L’intrigue est donc particulièrement légère, les vilains du film en font des tonnes en cabotinant à mort et tout ceci sent bon le carton-pâte et les trucages à l’ancienne, avec une bonne dose de dialogues mémorables. Mais une fois passé le choc initial – lorsqu’on arrive à rentrer dans le délire – Batman – Le film s’avère assez sympa à regarder. C’est amusant de voir ainsi à l’écran tous les clichés des héros du golden age, et de voir un film complètement décomplexé où tout le monde se fiche comme de sa première chemise de la vraisemblance de ce qui se passe à l’écran et de la cohérence de l’histoire.

Adam West, qui nous a quittés au mois de juin dernier, se taille la part du lion dans le film en apparaissant davantage sous l’identité de Bruce Wayne que dans la série, ce qui était une demande de sa part pour participer à l’aventure (d’un autre côté, on l’avait menacé de le remplacer s’il ne signait pas pour le film).

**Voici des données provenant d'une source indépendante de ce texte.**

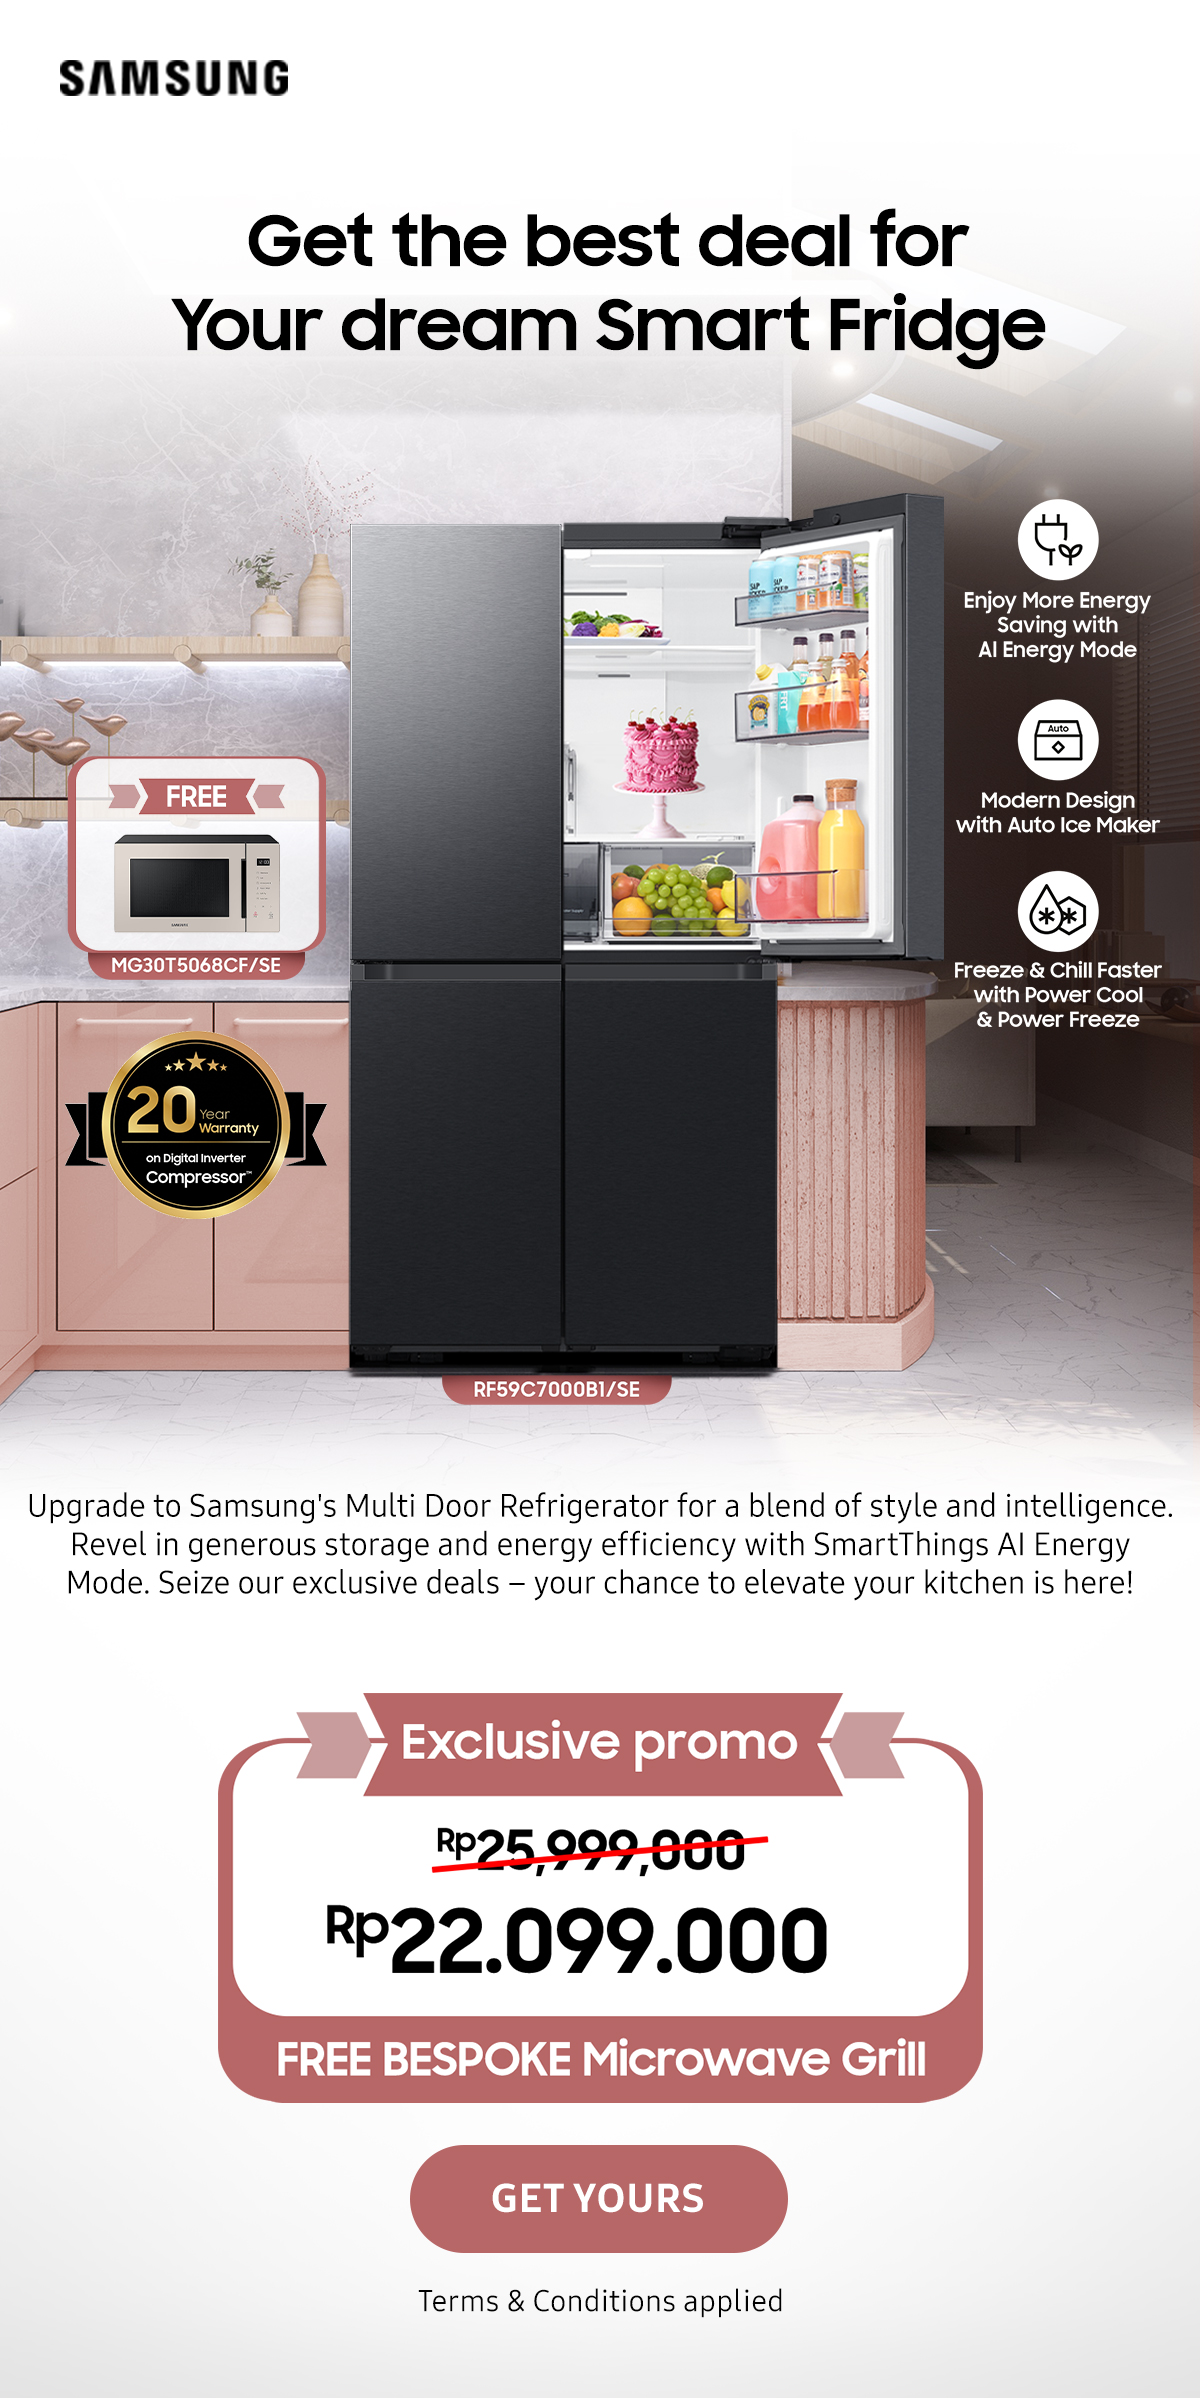 Get the best deal your dream Smart Fridge | Upgrade to Samsung's Multi Door Refrigerator for a blend of style and intelligence. Revel in generous storage and energy efficiency with SmartThings Al Energy Mode. Seize our exclusive deals - your chance to elevate your kitchen is here!

Le reste du casting est tout à fait à l’aise dans son rôle, et on pourra s’amuser une nouvelle fois de voir le Joker avec la moustache de Cesar Romero qui transparaît sous son maquillage.

Batman – Le film est donc une expérience assez curieuse mais pas désagréable et rappellera des souvenirs aux spectateurs plus âgés qui ont découvert Batman bien avant la Batmania de 1989.